How do I convert seconds since Epoch to current date and time?

I know I posted this a while ago, but I figured out the solution. I wrote this code for a game called Roblox, but I'm just posting the code here in case anyone else who has this same problem needs a solution.
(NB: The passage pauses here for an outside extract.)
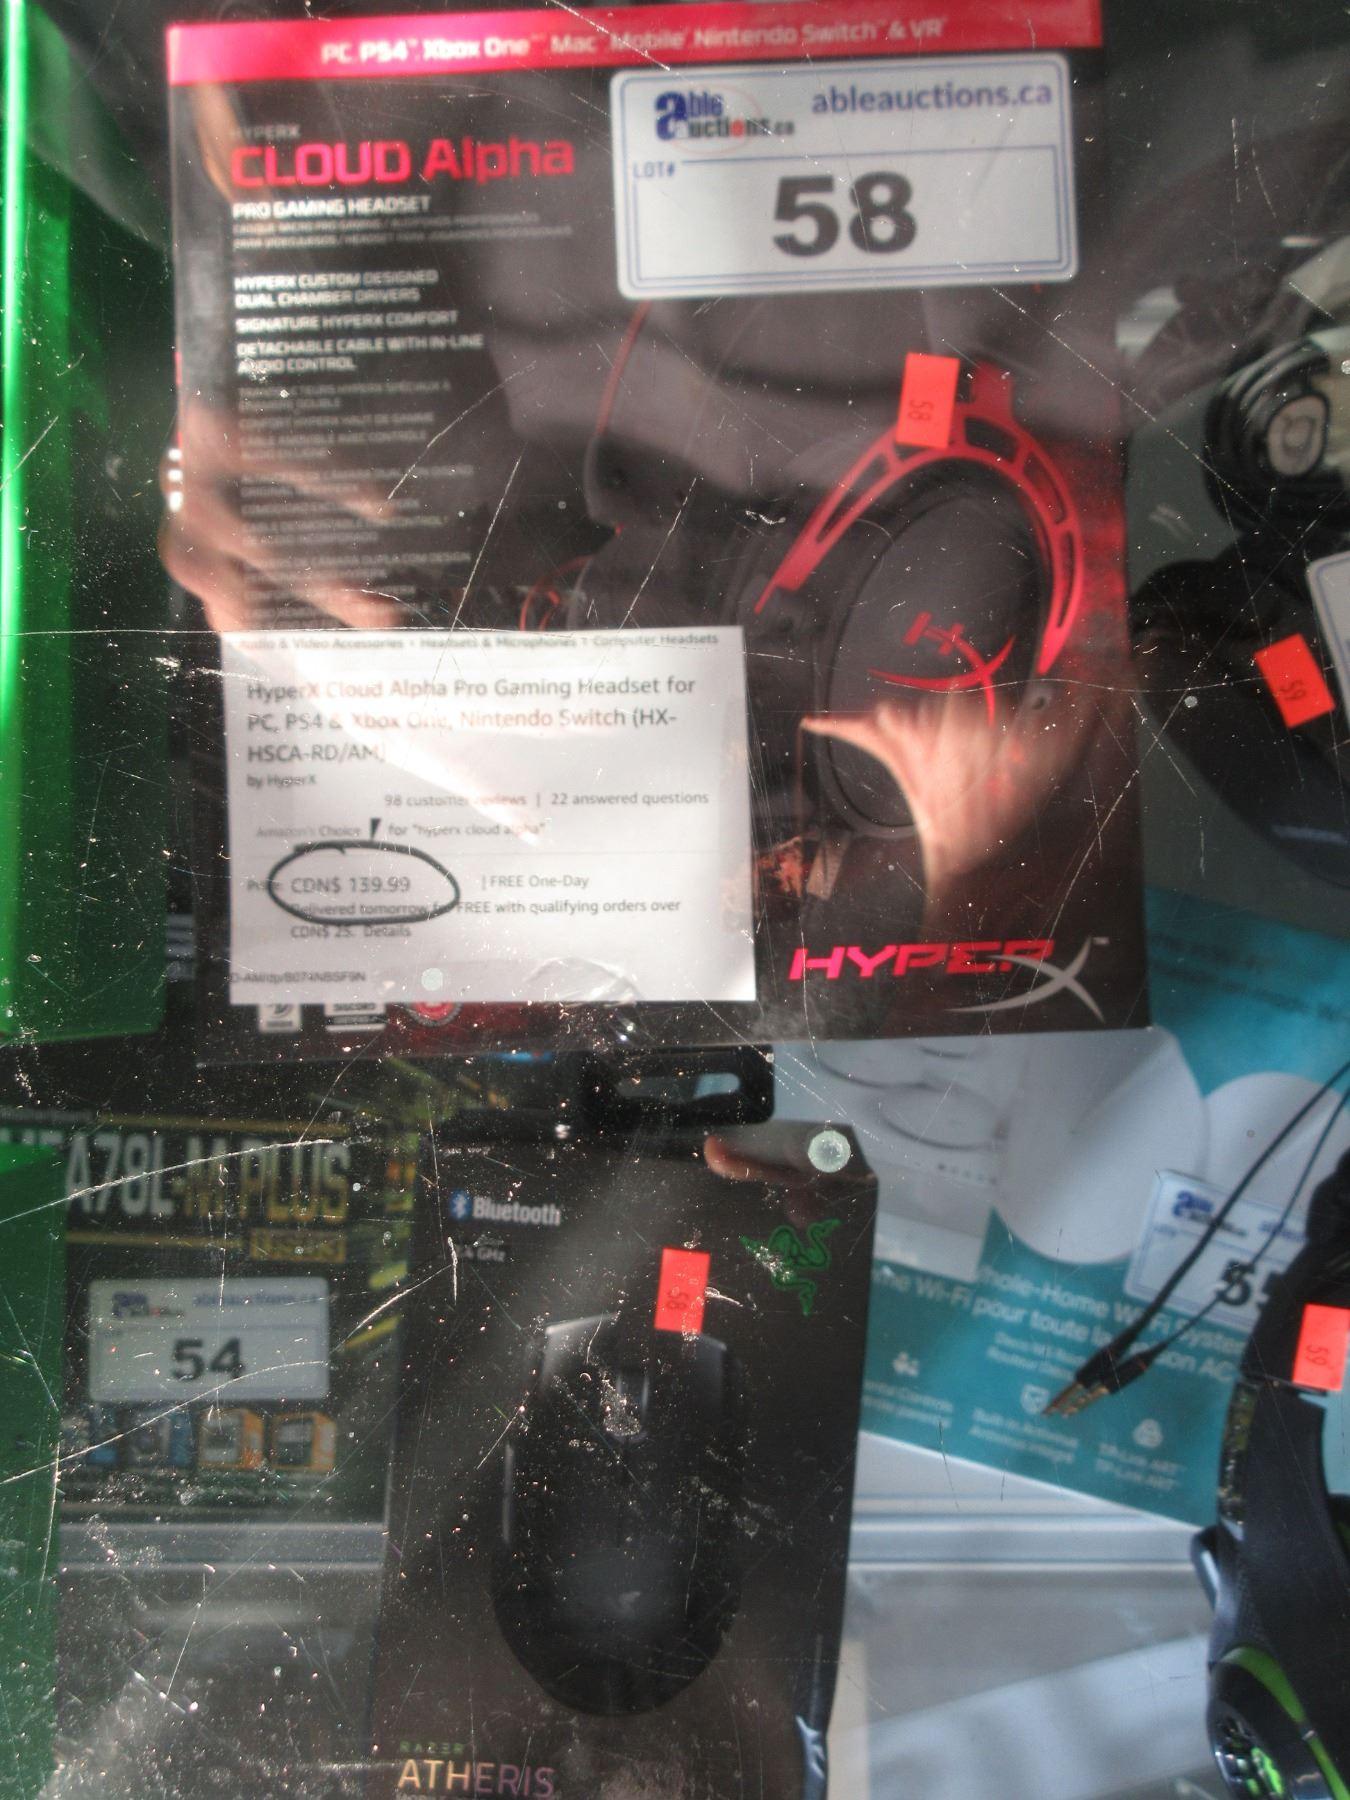 hyperx cloud alpha pro gaming headset & razer atheris

Anyways, here's the code:
outputTime = true -- true: will print the current time to output window. false: won't print time
createVariable = true -- true: creates variables under game.Lighting. false: won't create variables
-----------------------------------------------------------------------------------------------
--DO NOT EDIT BELOW----------------------------------------------------------------------------
-----------------------------------------------------------------------------------------------
if(createVariable) then
yearVar = Instance.new("IntValue", game.Lighting)
yearVar.Name = "Year"
yearVar.Value = 0
monthVar = Instance.new("IntValue", game.Lighting)
monthVar.Name = "Month"
monthVar.Value = 0
dayVar = Instance.new("IntValue", game.Lighting)
dayVar.Name = "Day"
dayVar.Value = 0
hourVar = Instance.new("IntValue", game.Lighting)
hourVar.Name = "Hour"
hourVar.Value = 0
minuteVar = Instance.new("IntValue", game.Lighting)
minuteVar.Name = "Minute"
minuteVar.Value = 0
secondVar = Instance.new("IntValue", game.Lighting)
secondVar.Name = "Second"
secondVar.Value = 0
dayOfWeek = Instance.new("StringValue", game.Lighting)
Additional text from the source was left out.